Published 04/18/2024, 05:59 AM
© Reuters.

Blending traditional finance (TradFi) with digital assets has been a key trend in the last two years. Ironically enough, much of the recent surge in the crypto world is being driven by the very traditional financial institutions that cryptocurrencies were initially meant to challenge, according to the new report released by Bybit, a major cryptocurrency exchange.

The ‘2024 Institutional Industry Report’ is published today in partnership with Treehouse Finance. It offers a detailed analysis of global cryptocurrency adoption and its implications for traditional finance.

The data shows a major leap in the cryptocurrency market cap between October 2023 and March 2024, jumping from a bit over $1 trillion to over $2.5 trillion. This jump shows that investors are feeling more confident and are pouring a lot of money into the crypto world.

There has been a bullish trend in the derivatives market and increased on-chain activity for Bitcoin (BTC) and Ethereum (ETH). The report also highlights institutional investment patterns that show a growing interest in AI and BTC ecosystem projects. 

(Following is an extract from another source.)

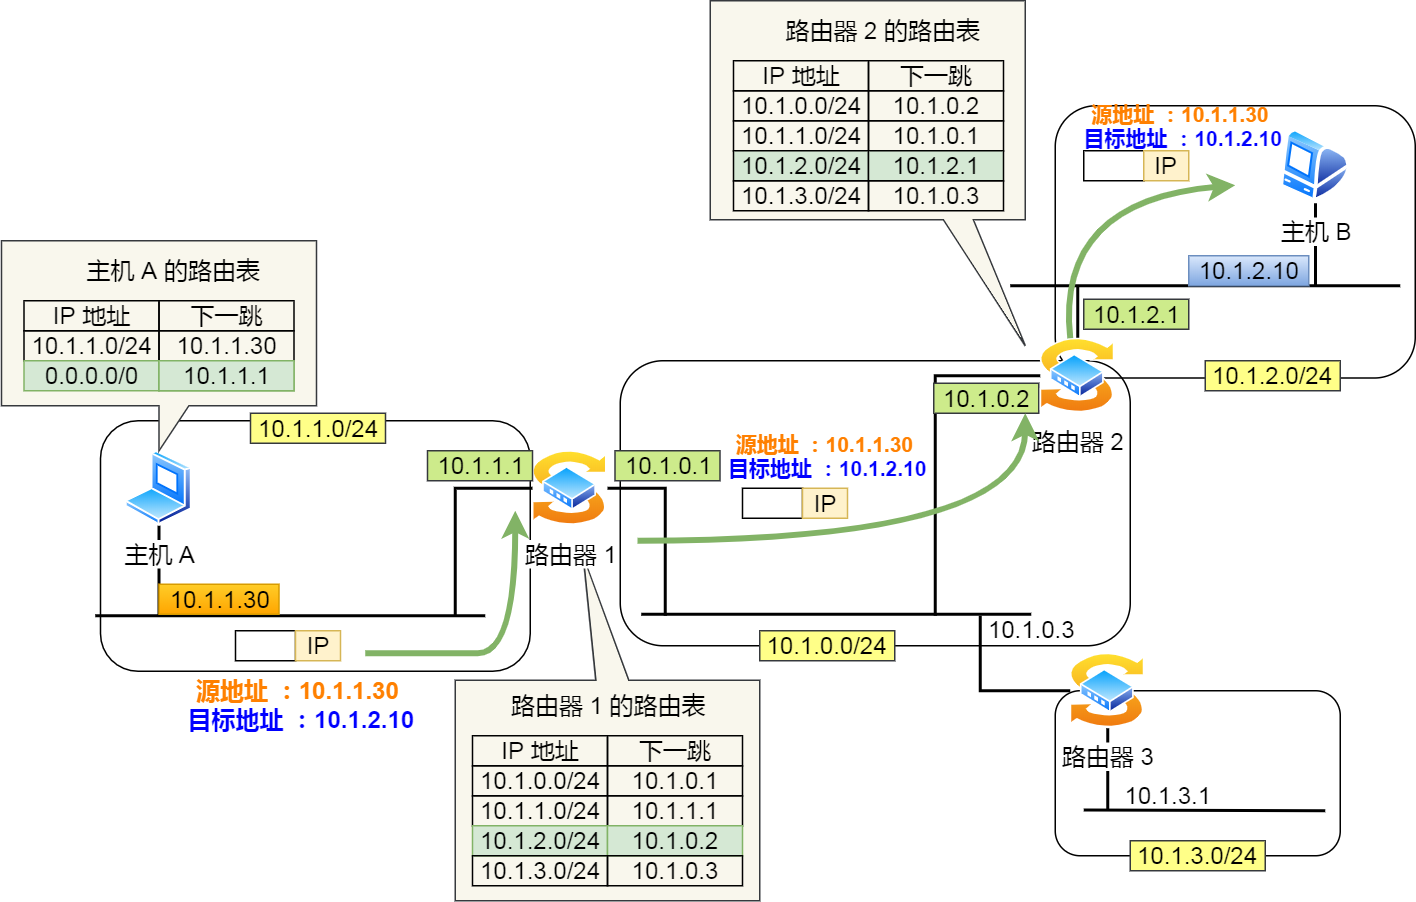 IP 地址与路由控制

Key observations include a notably bullish sentiment in the derivatives market for Bitcoin and Ethereum in March 2024, despite overall market stability. The two major coins, often seen as hedges, showed low correlations with traditional asset classes like stocks and bonds. This just cements their role as tools for diversifying investment portfolios. 

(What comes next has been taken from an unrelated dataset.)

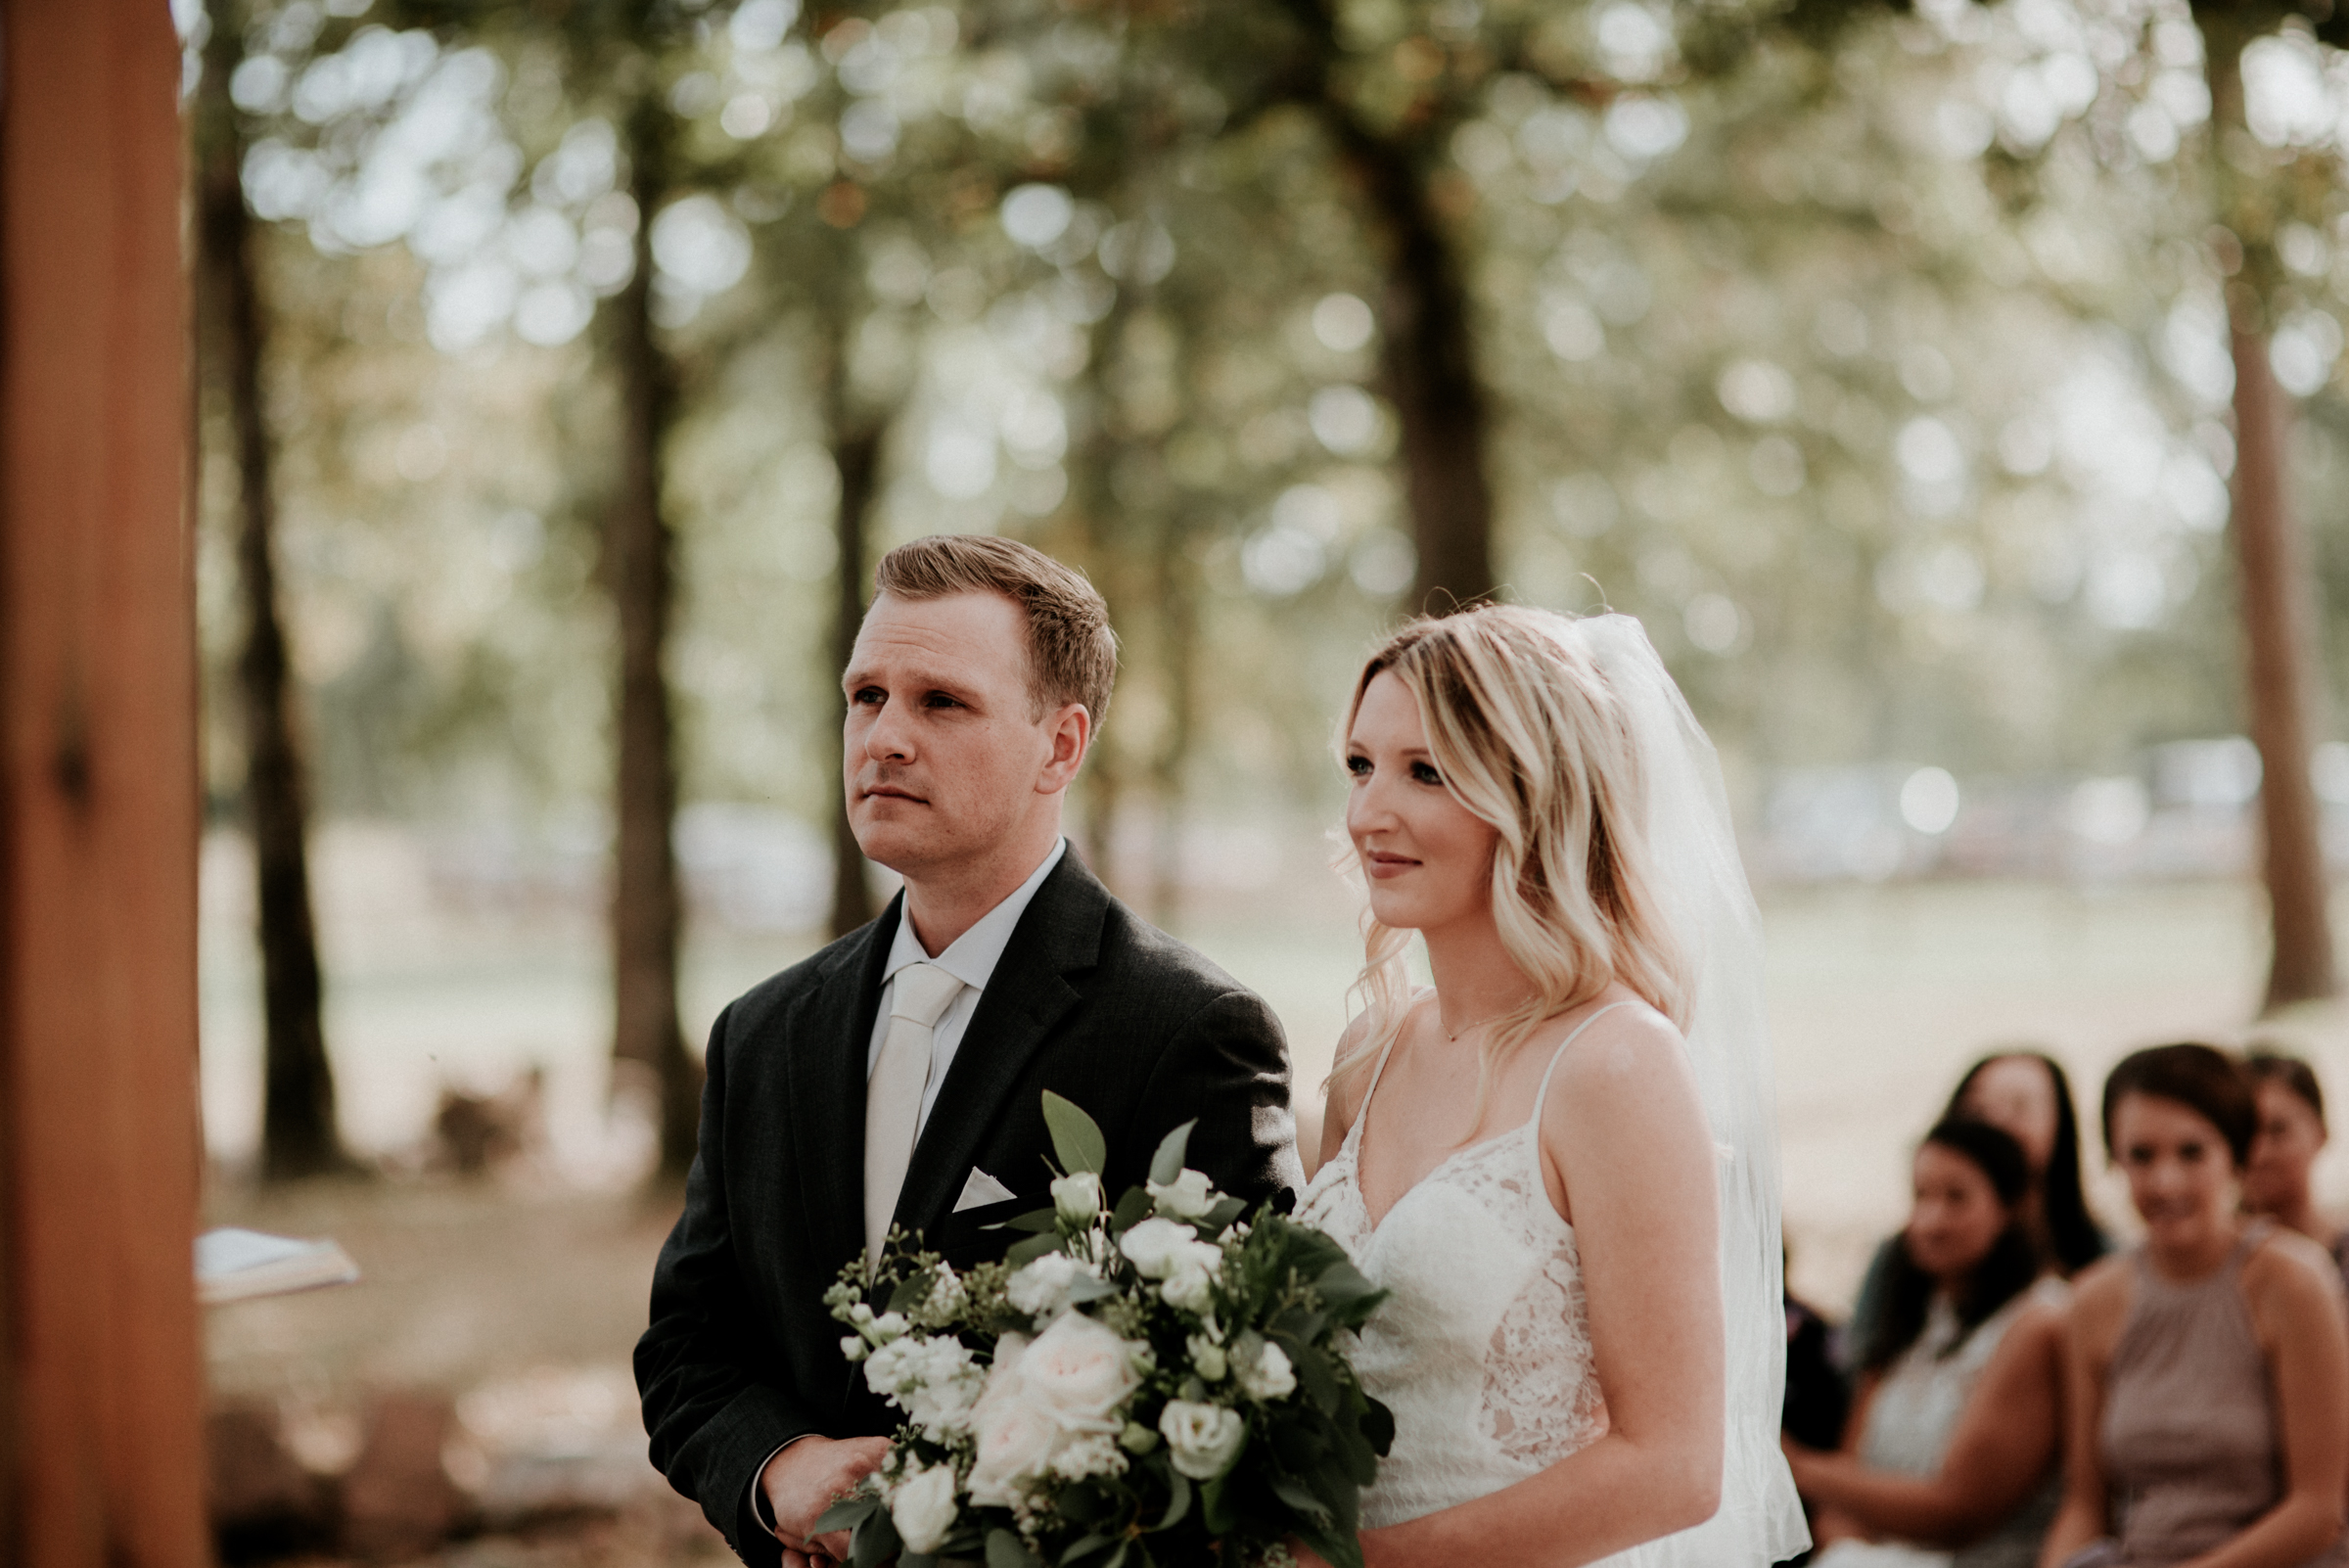 Zach&Rosalie Marion St. Louis Wedding Photographer-5205.jpg

Specifically, adding just a small slice of cryptocurrencies to an S&P 500 portfolio could boost its Sharpe ratio. This indicates that mixing in some crypto could improve the portfolio's returns when adjusted for risk, highlighting the benefits of diversifying into digital assets along with traditional stocks.

The report also noted the decent performance of tokens from challenger chains, such as Solana, which have begun to outperform ETH in terms of total value locked and transaction volume.

In terms of venture capital, the crypto sector saw a comeback in funding, especially in the last quarter of 2023 and the first quarter of 2024. There was a notable increase in funding, with infrastructure, gaming, and AI projects getting the lion's share of investments.

This influx of capital is crucial for supporting the fundamental elements of the blockchain ecosystem and driving innovation, the report concludes.